A problem involved with the fabrication of EPROMs using the techniques in the prior art (see for example McElroy, U.S. Pat. No. 4,151,021, entitled "Method of Making A High Density Floating Gate Electrically Programmable ROM", issued Apr. 24, 1979) occurs during the formation of thick field regions 29 of FIG. 4b of McElroy. These regions are formed in the prior art by thermal oxidation. Thermal oxidation consumes silicon from the substrate laterally as well as vertically. Thus a buffer region must be allowed in the patterning of the oxidation mask for thick oxide regions to provide for this lateral movement of the oxidized region. This buffer region increases the substrate surface area required to fabricate an EPROM using prior art techniques.

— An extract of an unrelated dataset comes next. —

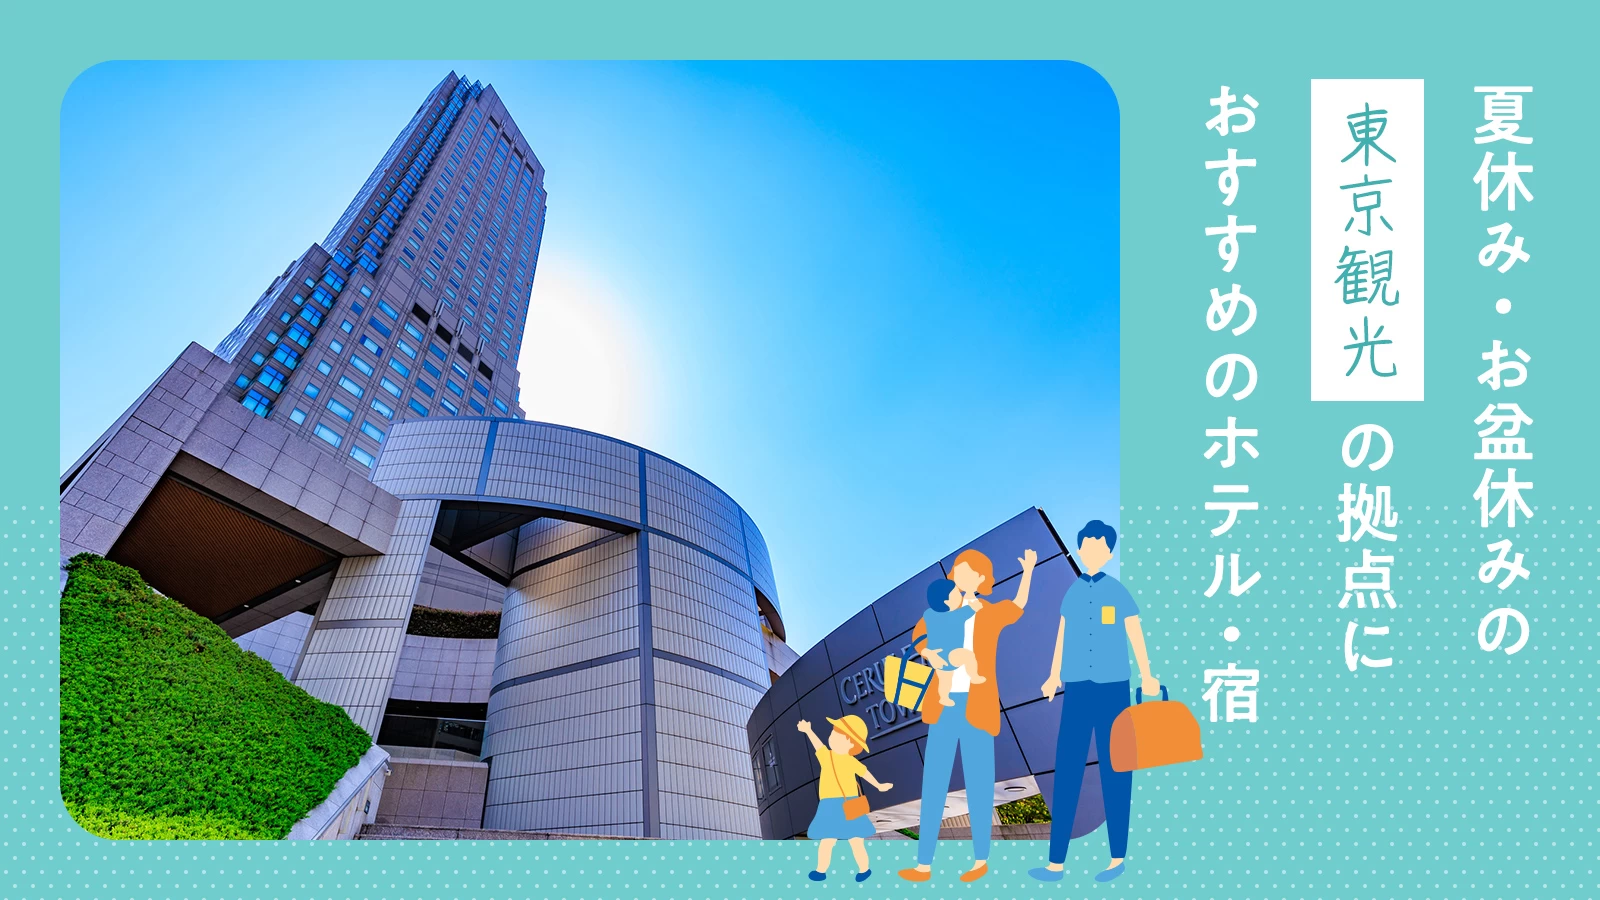 【関東】夏休み・お盆休みの東京観光の拠点におすすめのホテル・宿9選

Planar technology provides for a small memory cell, which is more reliable. Despite the superior qualities of the planar FAMOS transistor, a programming voltage of 12.5 volts is still necessary for reliable programming. In order to reduce the magnitude of the electric fields created during programming, it is desirable that the programming voltage be reduced.
Therefore, a need has arisen for a planar and non-planar FAMOS technology for use in EPROMs, EEPROMs, EPALs, and other devices using similar memory structures, in which the programming voltage is reduced, and the reliability of the devices increased.